# Journey from Dunkirk to Malaga using free/cheap camping



## The Nu Drovers (Jan 6, 2017)

Recently did the journey from Dunkirk to Malaga and discovered a wonderful new route which I thought others may enjoy.
Tips on how to retire early and travel full time on a low budget: MOTORHOME journey from Dunkirk to Malaga mainly using Aires


----------



## Stanski (Jan 6, 2017)

The Nu Drovers said:


> Recently did the journey from Dunkirk to Malaga and discovered a wonderful new route which I thought others may enjoy.
> Tips on how to retire early and travel full time on a low budget: MOTORHOME journey from Dunkirk to Malaga mainly using Aires



Very good of you, have had a quick look and found you have travelled a lot.  Where are you at the moment?


----------



## Deleted member 58274 (Jan 6, 2017)

A good blog...are either of you still in the Malaga area?  Maja


----------



## The Nu Drovers (Jan 7, 2017)

*Where we are now*



Stanski said:


> Very good of you, have had a quick look and found you have travelled a lot.  Where are you at the moment?



We are still in the Malaga area but next week starting to head west roughly following the coast back to England.

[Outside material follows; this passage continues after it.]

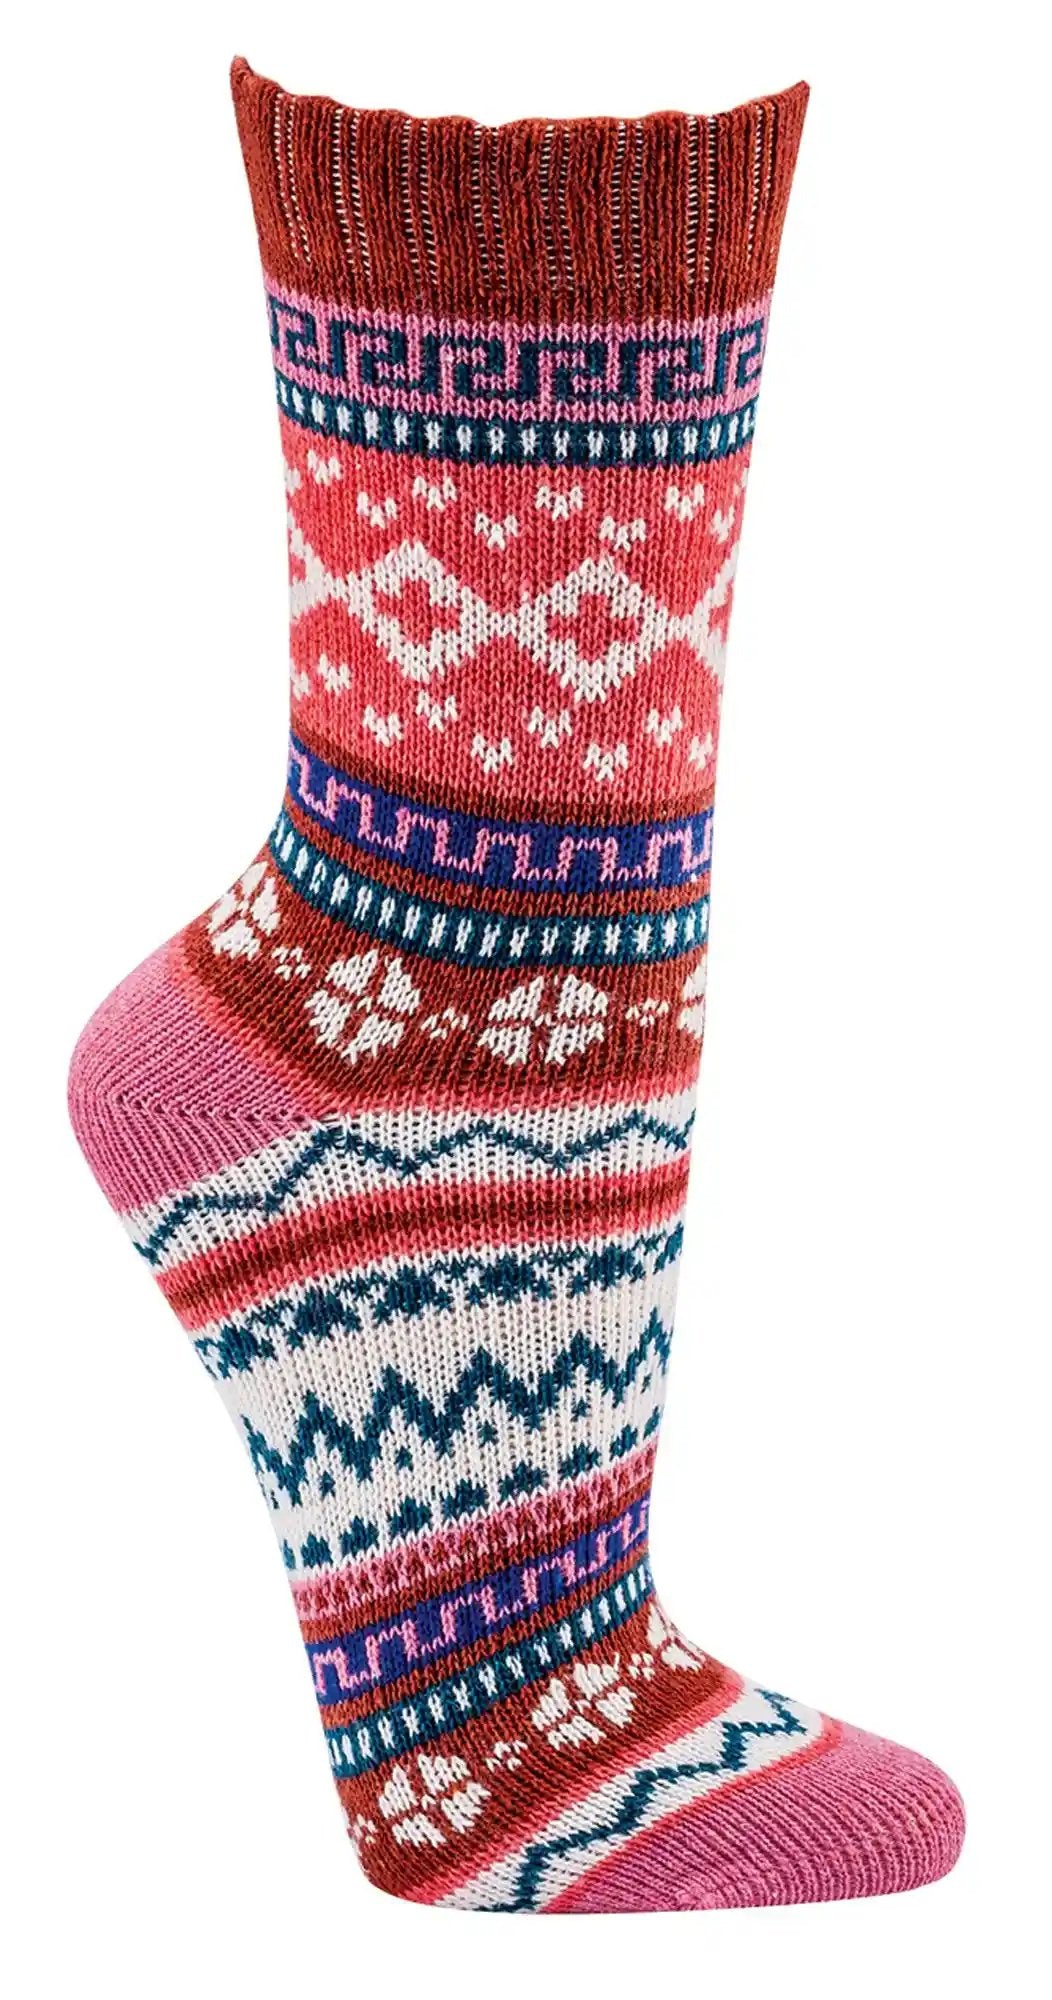 3 or 6 pairs of colorful Norwegian socks cotton with a beautiful pattern Hygge women girls

Another couple of journeys that might interest you are 
Tips on how to retire early and travel full time on a low budget: SPAIN Nice beach side free camping down the east coast as far as Altea

Tips on how to retire early and travel full time on a low budget: 1 month motorhome journey through France to Spain

Good to make up your own route but comments on Aires' or lesser known free camping spots we always find helpful


----------